Assuming the system is running Windows Server 2008 R2, is joined to an Active Directory domain, and the domain already has a Certificate Authority available:
- Recommended: Log into the server as the Domain Account you plan on configuring SCEP to use.
- Open the Server Manager and select Roles > Add Roles
- Select the Active Directory Certificate Services role, click Next, and Next again at the AD CS information page.
- Unselect the Certificate Authority role service, and select Network Device Enrollment Service, click Next
- NDES requires IIS, so accept the defaults for installing IIS to the server.

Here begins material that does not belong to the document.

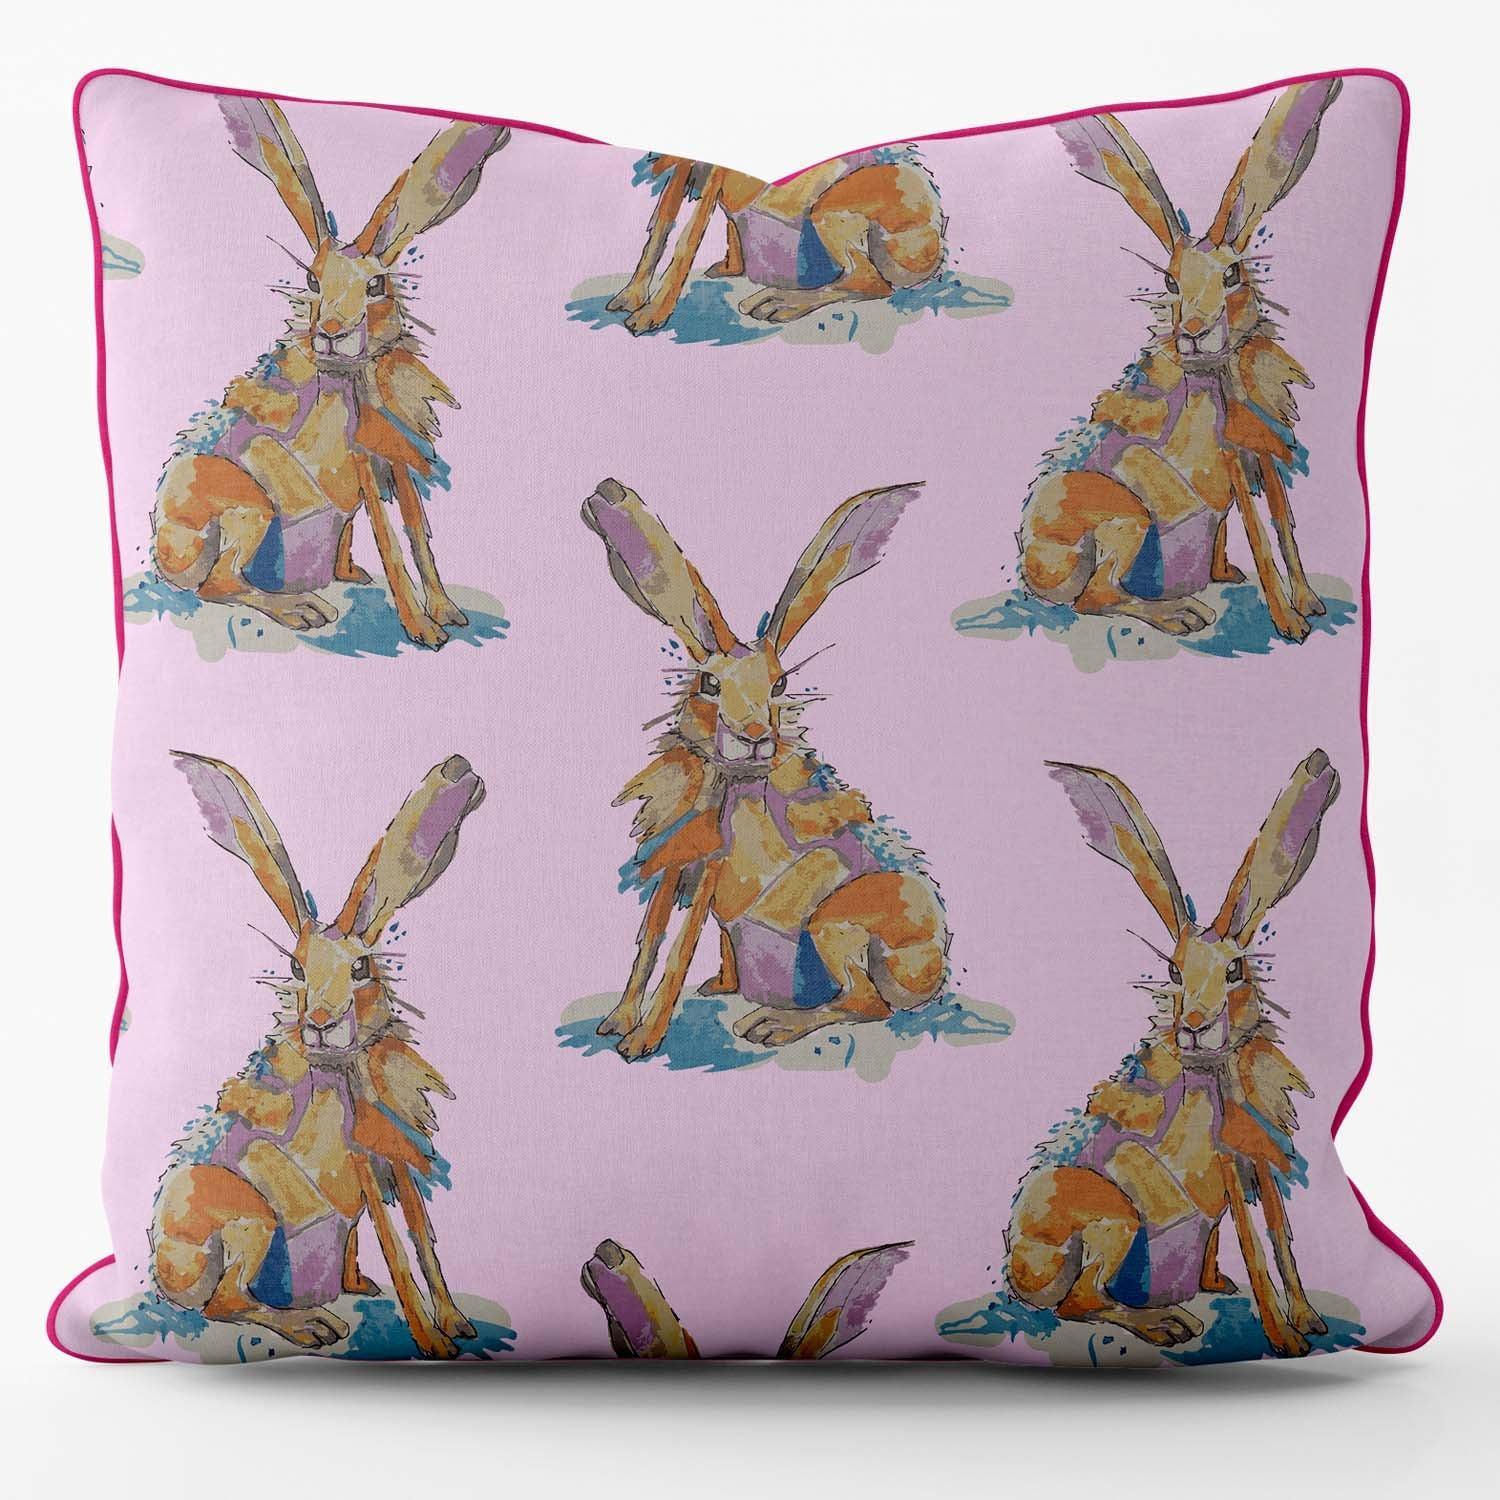 Hare -Their Nibs Cushion - Handmade Cushions UK - WeLoveCushions

- Specify the user account NDES will use, (required: add it to the local IIS_IUSRS group first), and click Next.
- Select the domain CA on the network, and click Next.
- Optional: Leave the RA and fill in the contact information, if desired, and click Next.
- Optional: Change the Key character length for both the Signature and Encryption keys to 1024 (this will be needed in the Mobile Management SCEP configuration page), click Next.
- Review the information and click Install.
- Reboot the server if necessary, and log back in as the NDES user account.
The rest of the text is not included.